Biological samples are frequently stained with heavy metals in preparation for examining the macro, micro and ultra-structure using X-ray microtomography and electron microscopy. A single X-ray microtomography scan reveals detailed 3D structure based on staining density, yet it lacks both material composition and functional information. Using a commercially available polychromatic X-ray source, energy integrating detectors and a two-scan configuration labelled by their energy- "High" and "Low", we demonstrate how a specific element, here shown with iron, can be detected from a mixture with other heavy metals. With proper selection of scan configuration, achieving strong overlap of source characteristic emission lines and iron K-edge absorption, iron absorption was enhanced enabling K-edge imaging. Specifically, iron images were obtained by scatter plot material analysis, after selecting specific regions within scatter plots generated from the "High" and "Low" scans. Using this method, we identified iron rich regions associated with an iron staining reaction that marks the nodes of Ranvier along nerve axons within mouse spinal roots, also stained with osmium metal commonly used for electron microscopy.

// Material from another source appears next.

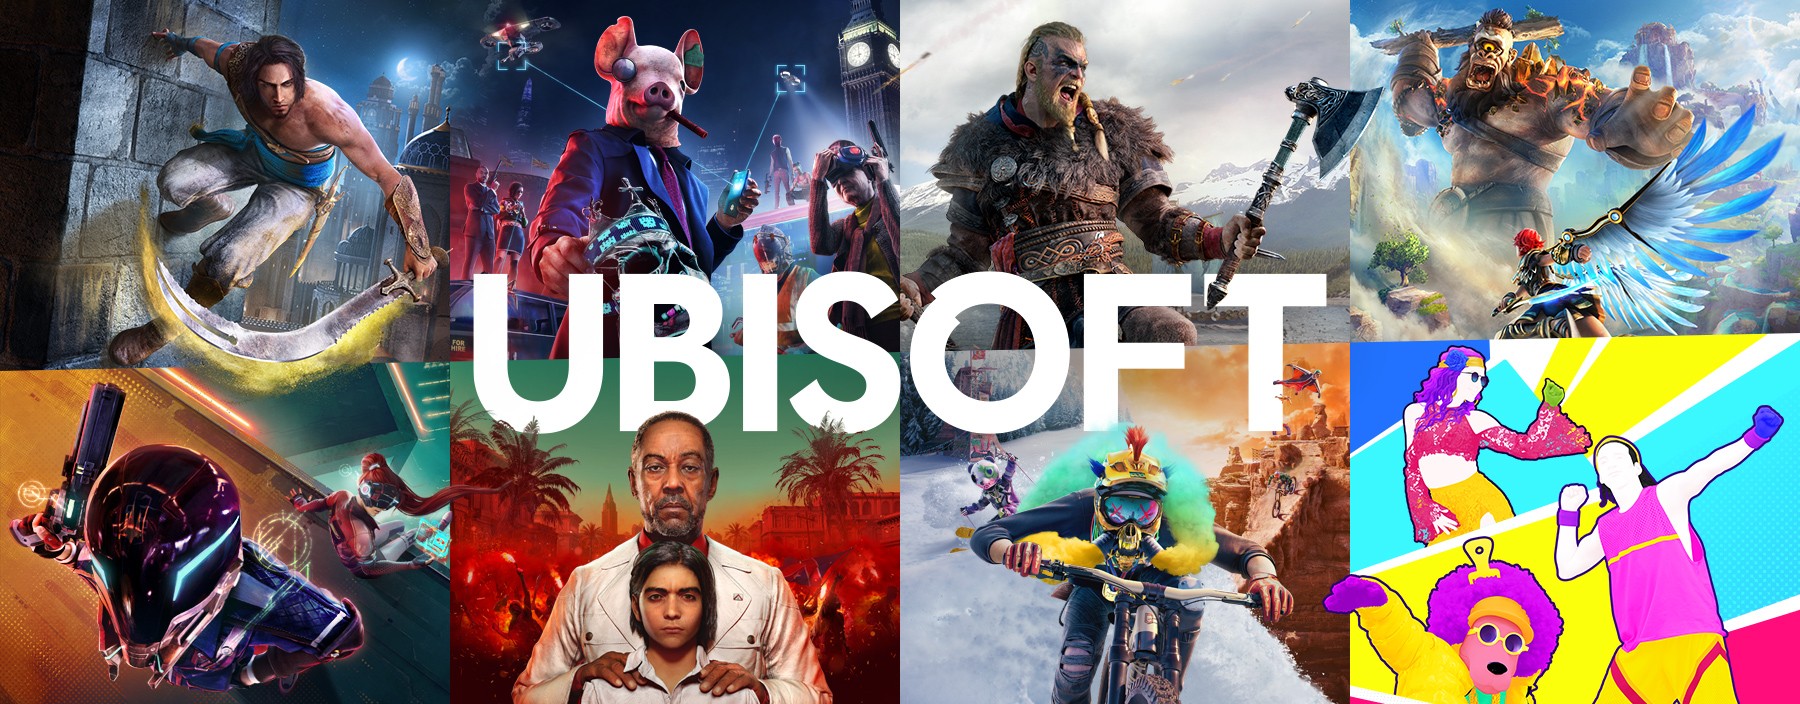 We wrześniu Ubisoft ponownie wyłączy serwery Assassin Creed II, Far Cry 3 i inne gry

30kVp with no filtration .
XRM was performed on a Versa 510, (Carl Zeiss X-ray Microscopy, Pleasanton, CA 94588). The Versa 510 is equipped with a polychromatic tungsten source, tunable in the voltage range 30‐160kVp. Scan configuration: "Low" ‐30kVp peak tube potential without filtration, exposure time 20‐90sec. "High"‐60kVp peak tube potential, filtration 25μm thick iron filter, exposure time 10‐120sec. Common scan conditions: binning 1, source-rotation axis distance 7.5mm, detector-rotation axis distance 5mm, pixel size 0.394μm, optical magnification x20, rotation angle ‐180° to +180°, number of views 3201. Iron filtration used a 0.001"x1"x2" foil placed at the X-ray tube exit slit. The foil was of 3N5 purity and sold by ESPI Metals, Ashland, OR 97520.